Stony Brook isn’t the first school to do away with gender-specific homecoming titles. Penn State University, Purdue University and Northwestern University have made the same changes in recent years.
RJ Samodal, 22, said he’s always wanted to run for the court. The senior physics and psychology student chose not to participate in the race for king in previous years because he wanted to support friends who were running. He worried it would make the competition for a single crown more challenging.
Now it doesn’t feel as competitive when everyone has a fair chance at three spots, he said.
“I’m not anxious about winning or losing, it’s just a good opportunity to inspire school pride and spirit,” said Samodal, of the upstate Town of Horseheads. “We’re just trying to inspire a brighter future.”

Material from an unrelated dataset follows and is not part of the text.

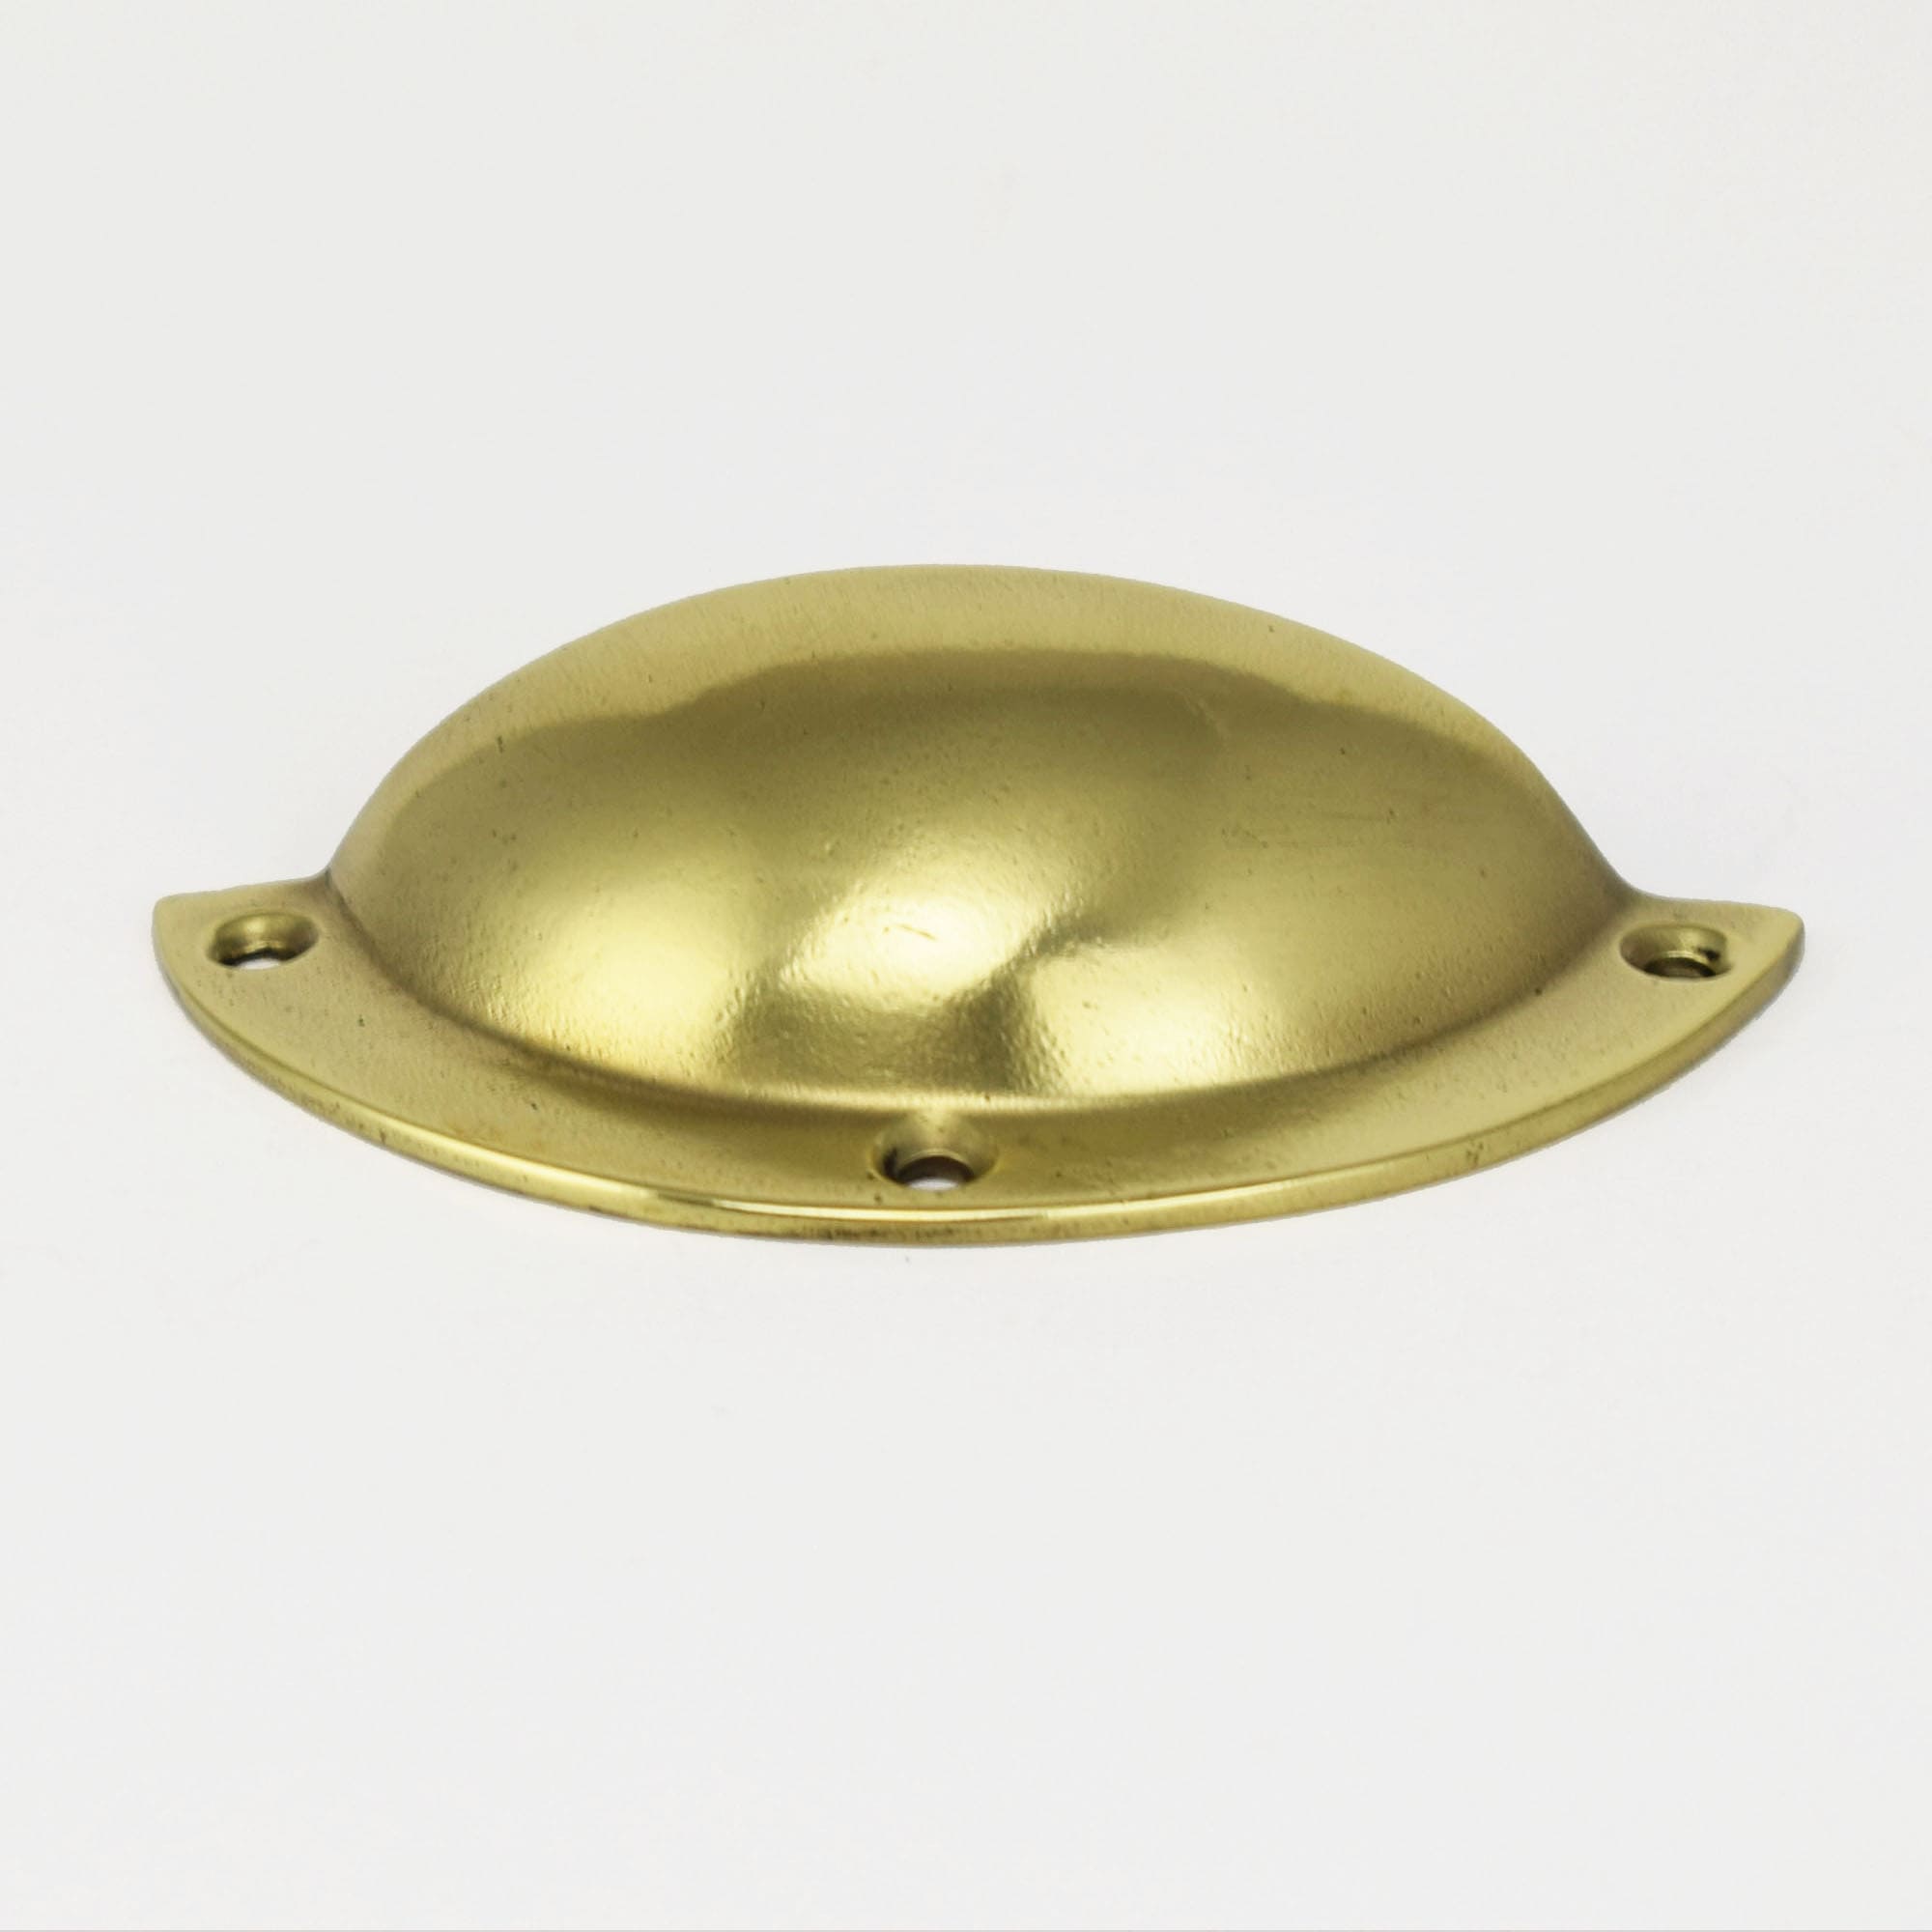 Brass Classic Cup Handle - Proper Copper Design

He even has his outfit picked out for the big announcement at Saturday’s homecoming festivities, when the members of the court will be announced: a tuxedo with a Stony Brook-red bow tie and accessories.
As for Fernandez, a big part of their school pride stems from how inclusive Stony Brook has become. Win or not, when Fernandez gets to stand on the football field Saturday in an outfit of choice, “it’s not going to be anything ever seen before.”
“I was here when it felt less inclusive and the turnover has been amazing,” Fernandez said. “I hope this opens up the doors for other students coming up, that they realize they matter and they can do it too.”